A full, exact copy of the listing is needed, with images omitted.

[Stored data]
☆ ☆ ☆ ☆ ☆ ☆ ☆
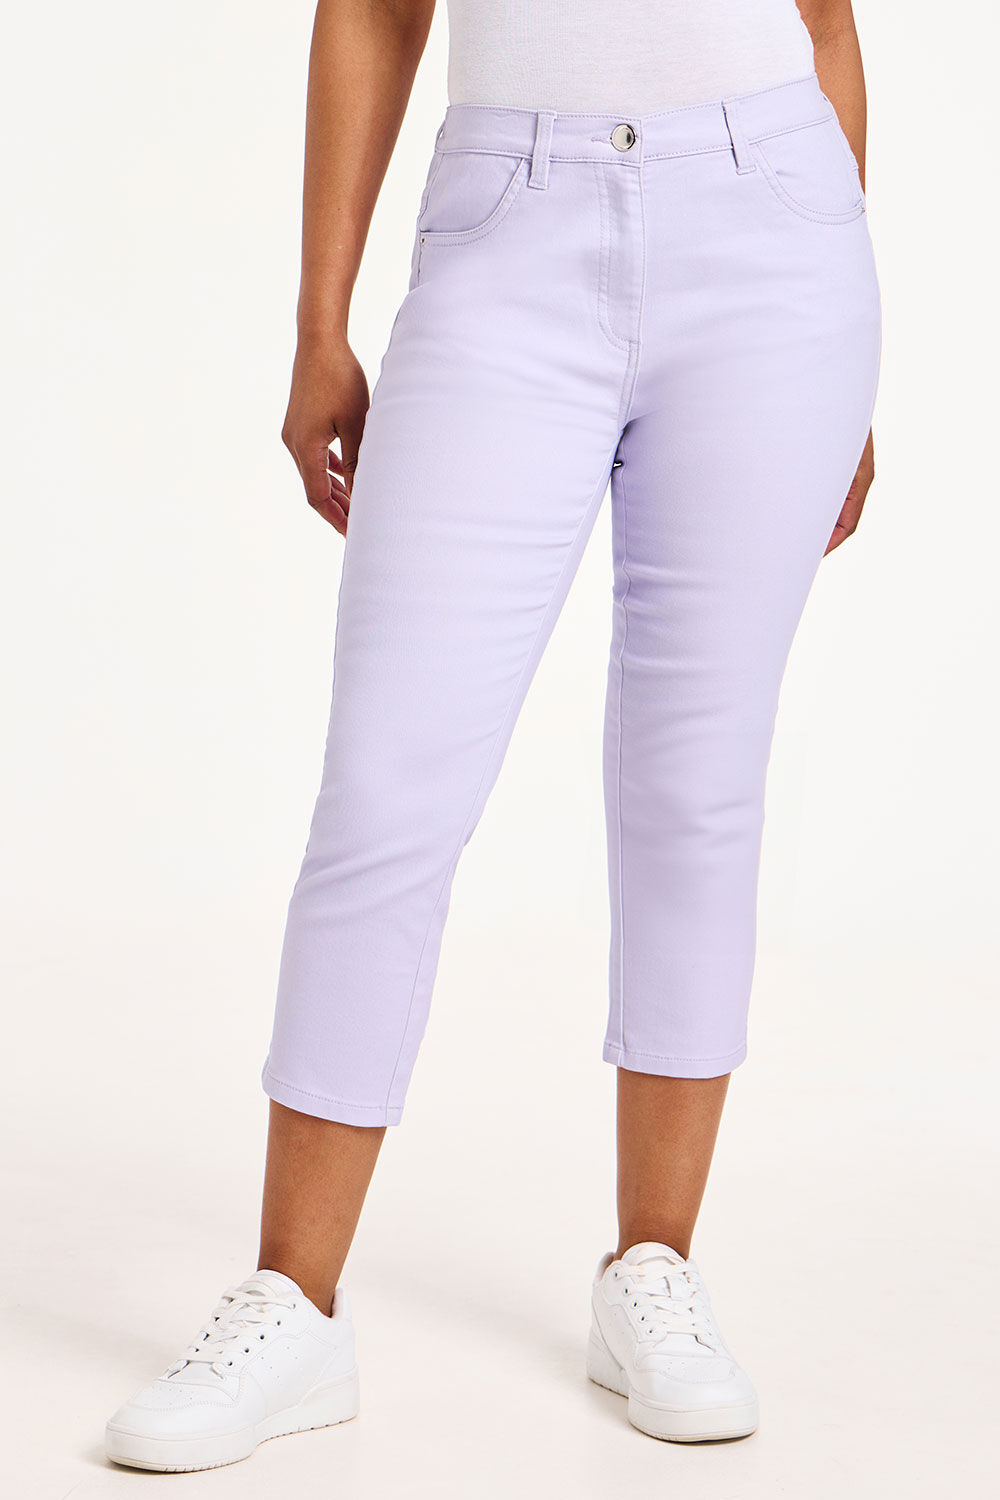 Bonmarche Lilac The Sara Coloured Cropped Jeans, Size: 18
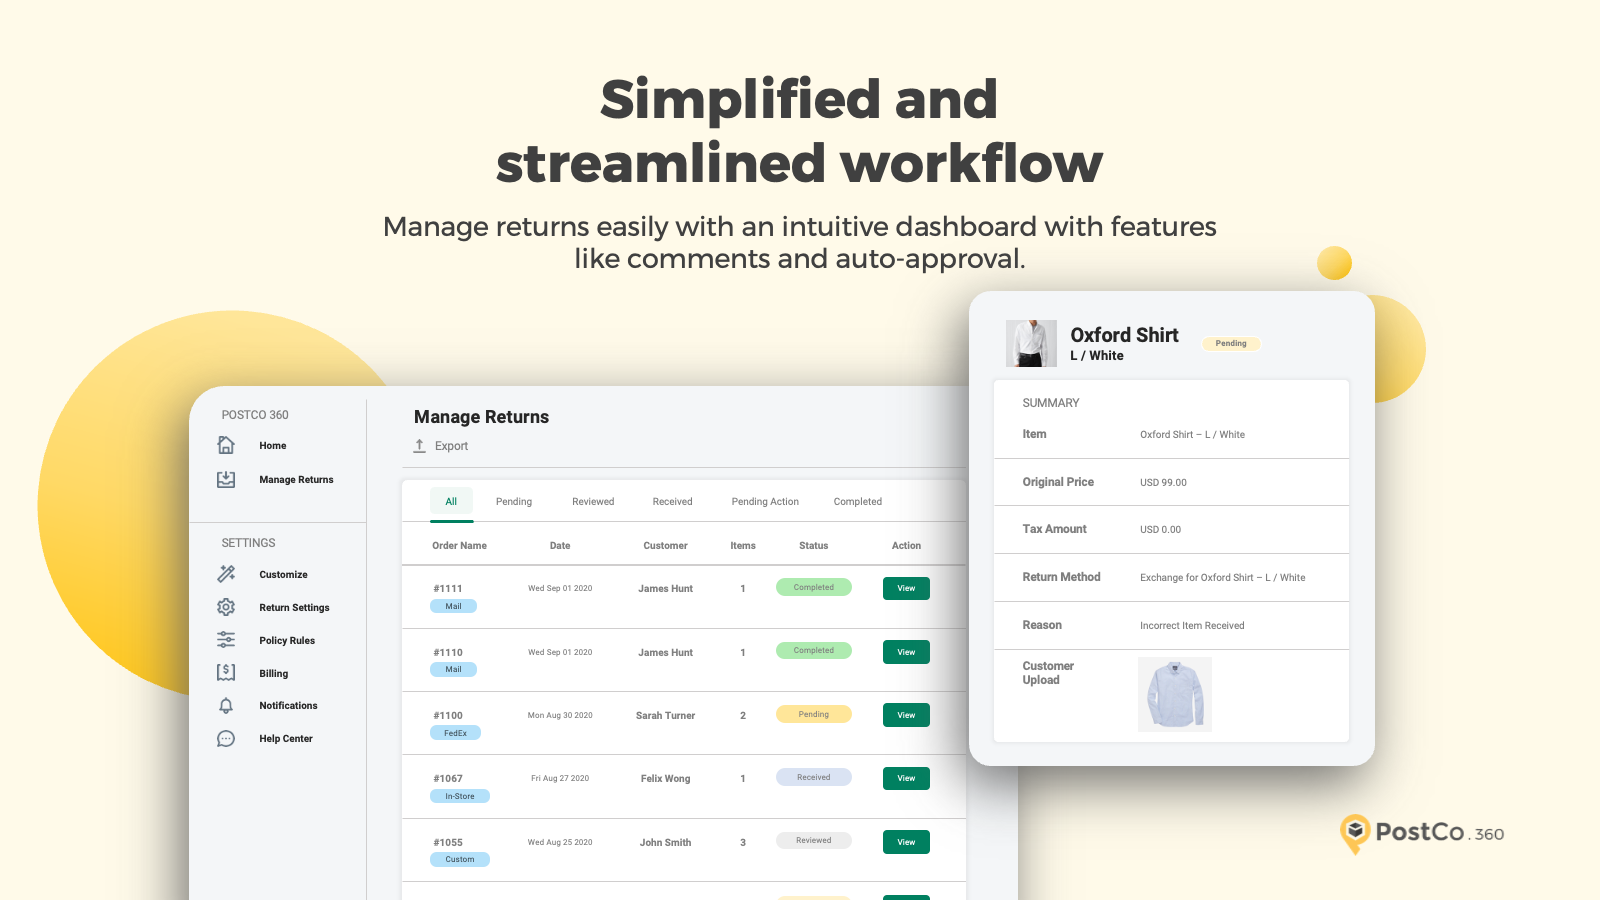 Simplified and streamlined workflow
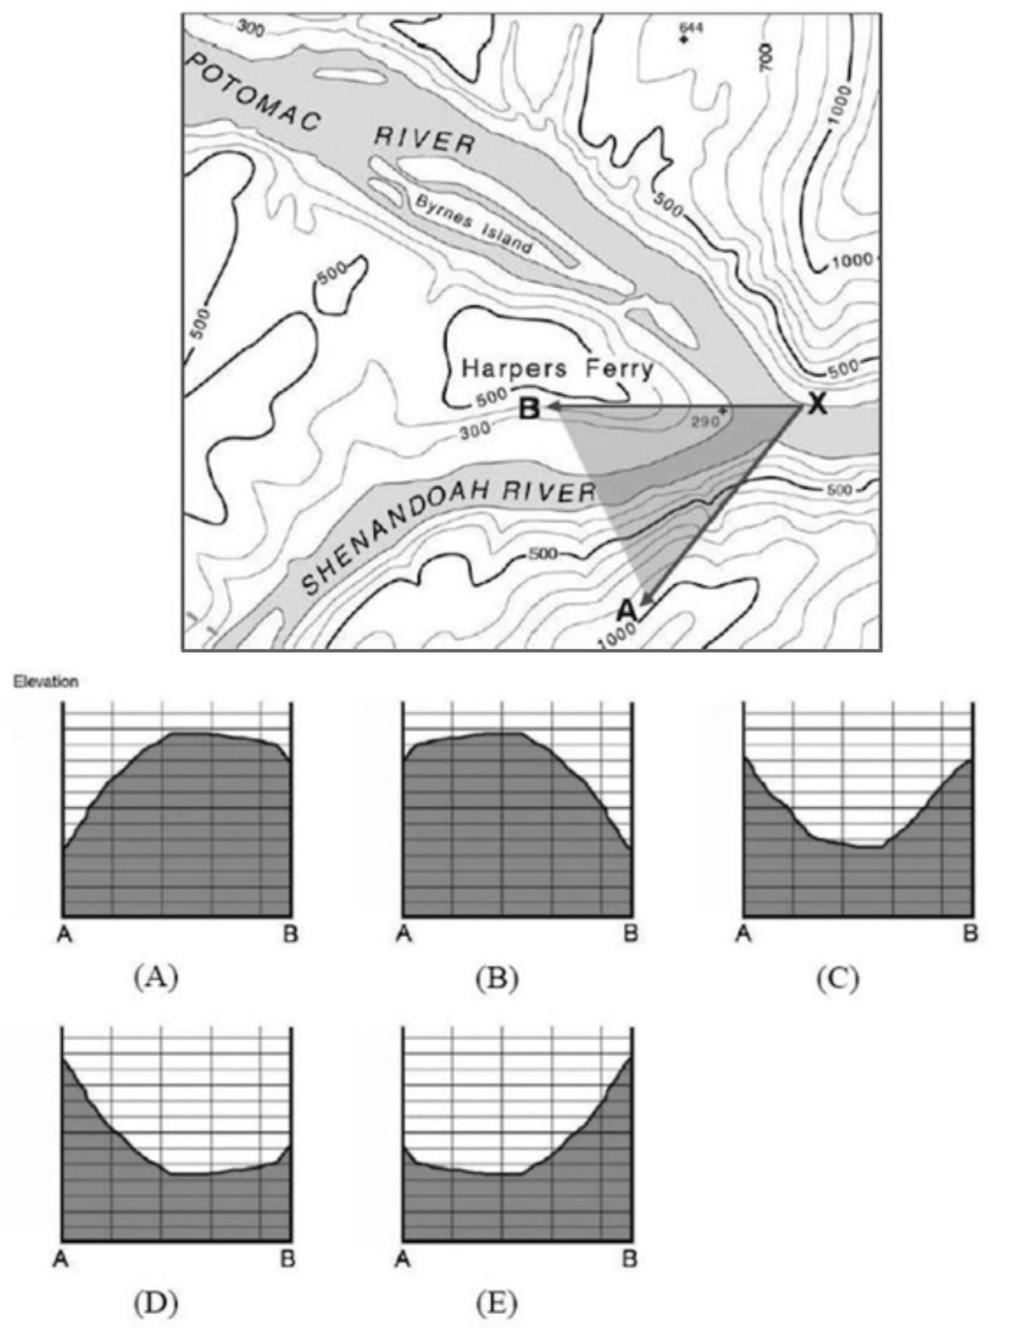 Kanika Verma 3. Imagine you are standing at location X and looking in the direction of A and B. Among five slope profiles (A E), which profile most closely represents what you would see?
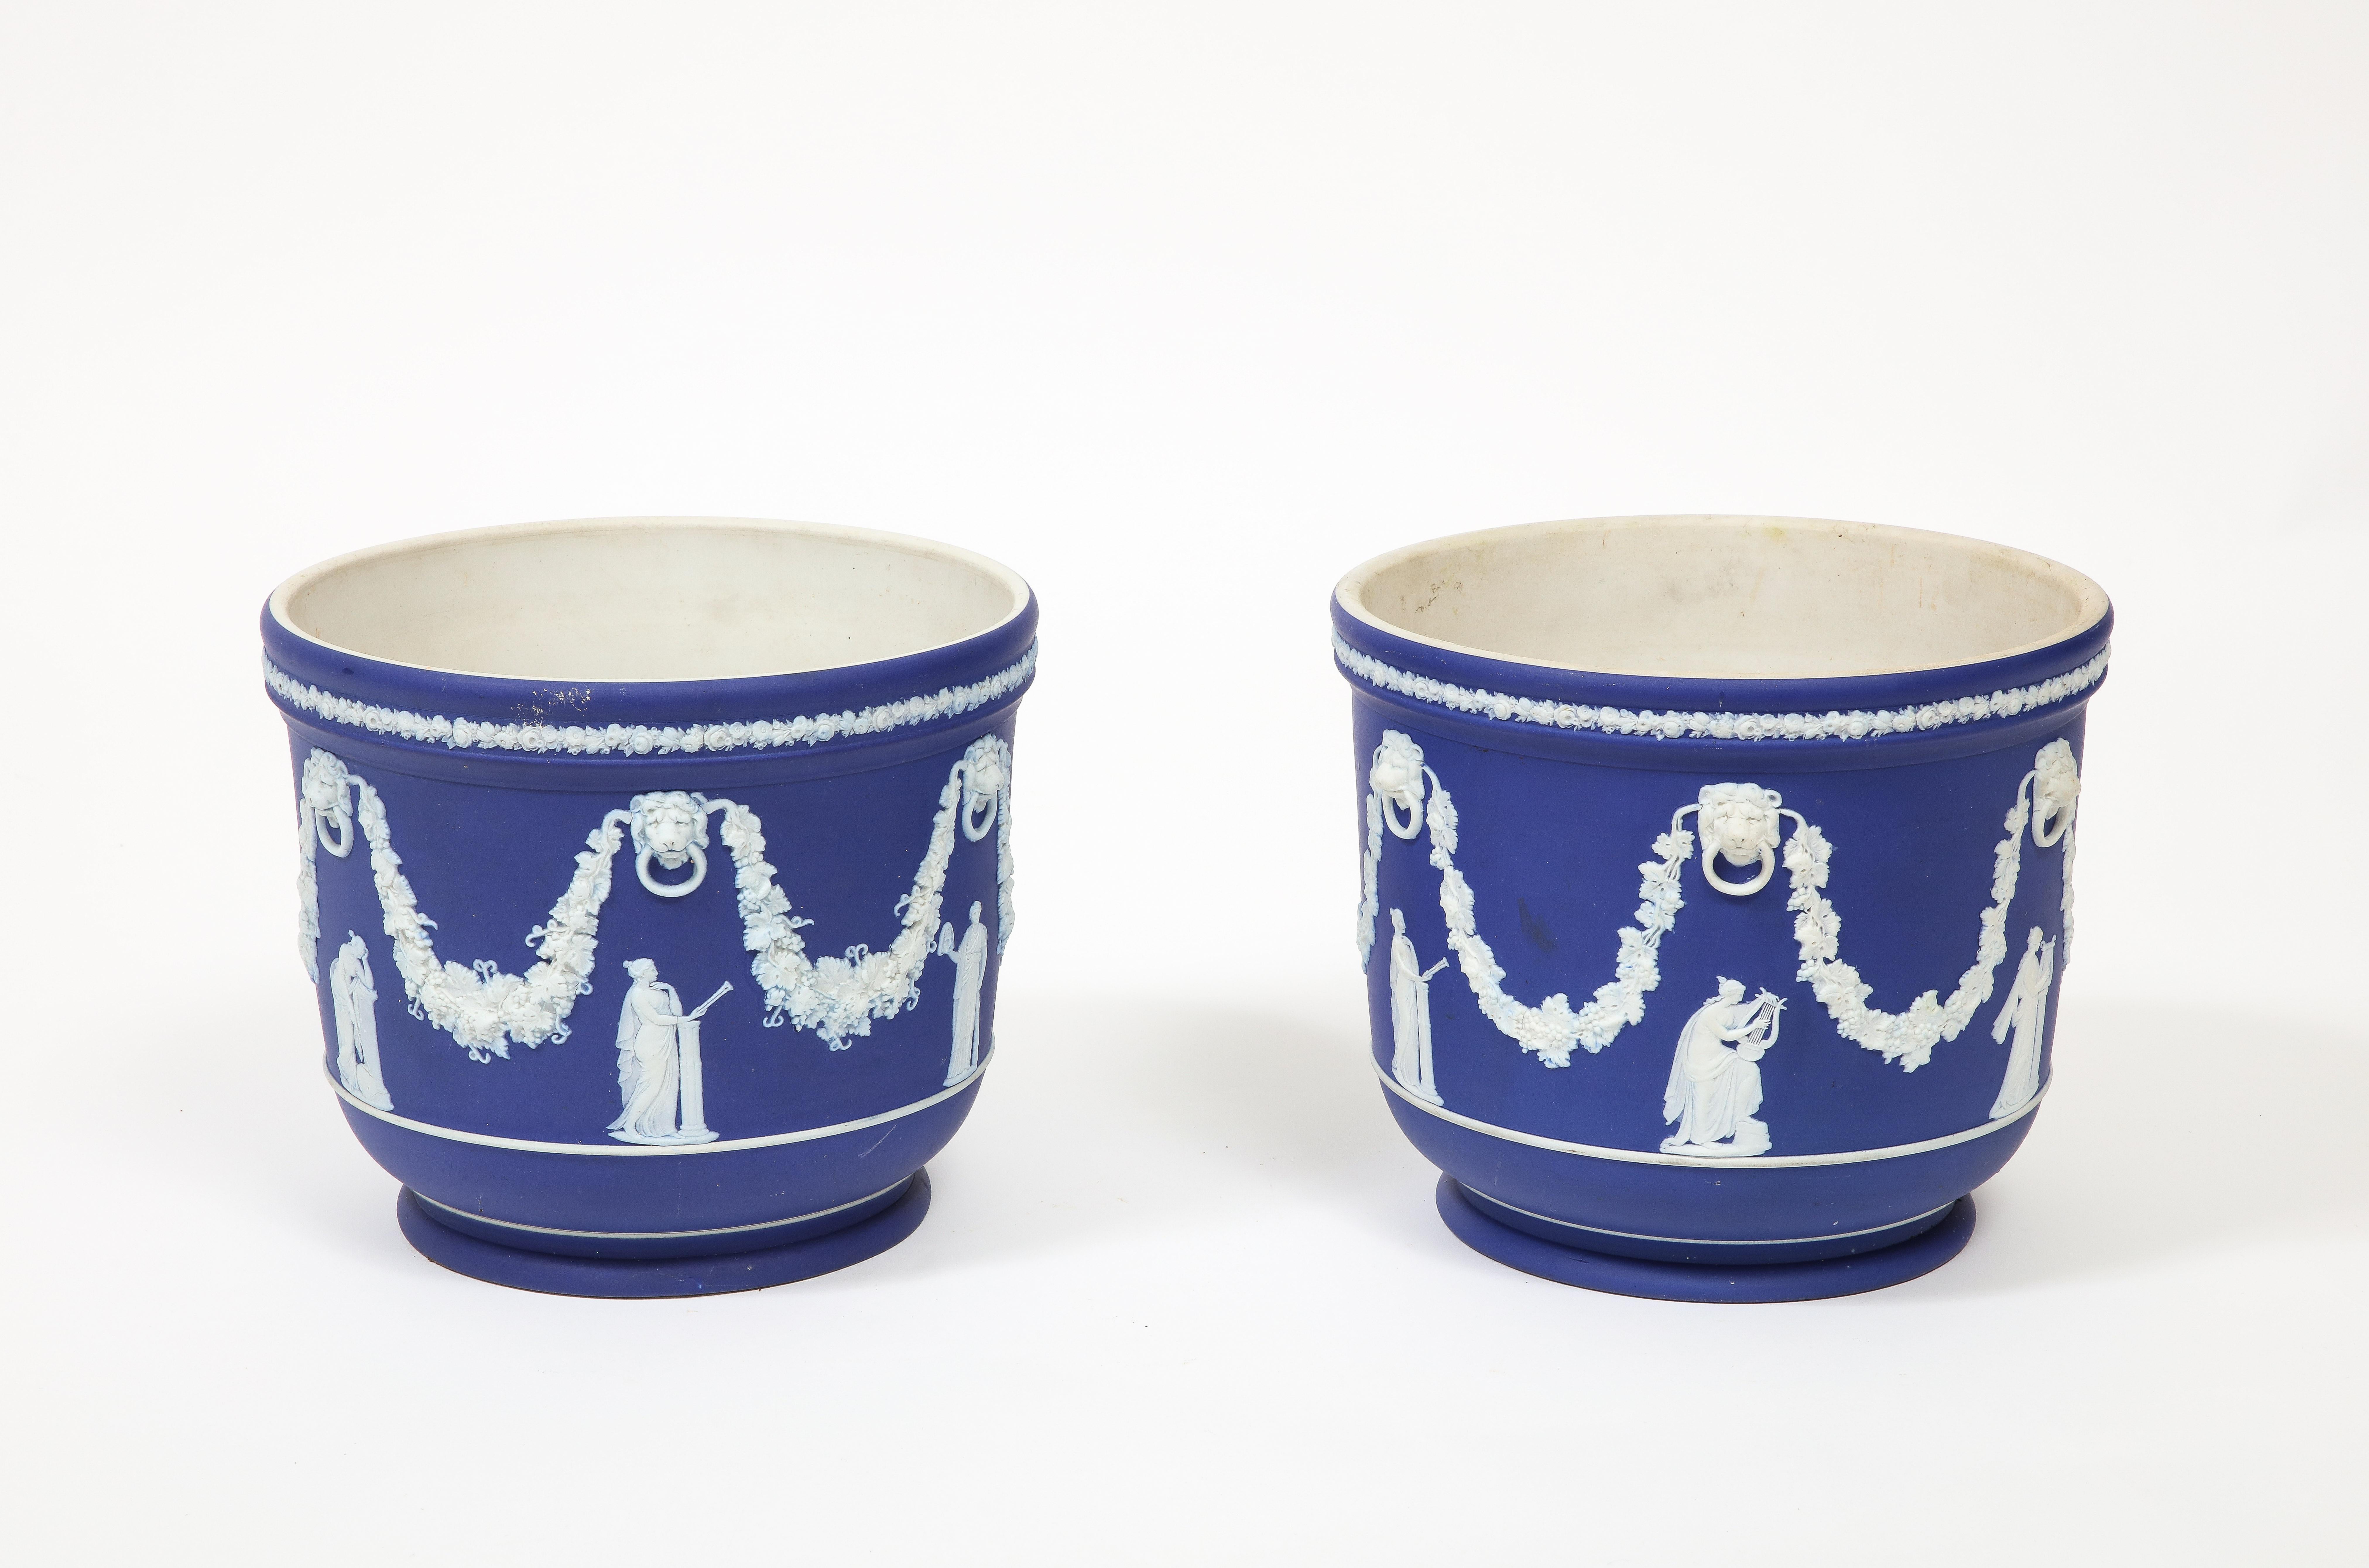 Pair of early 20th Century antique cobalt Wedgwood Jasperware planters, featuring classical figures beneath lion's heads and garlands of grapes. Along the top edge is a band of fruits and flowers. The interior is white porcelain.
☆ ☆ ☆ ☆ ☆ ☆ ☆
[Task response]
 Bonmarche Lilac The Sara Coloured Cropped Jeans, Size: 18
 Simplified and streamlined workflow
 Kanika Verma 3. Imagine you are standing at location X and looking in the direction of A and B. Among five slope profiles (A E), which profile most closely represents what you would see?
 Pair of early 20th Century antique cobalt Wedgwood Jasperware planters, featuring classical figures beneath lion's heads and garlands of grapes. Along the top edge is a band of fruits and flowers. The interior is white porcelain.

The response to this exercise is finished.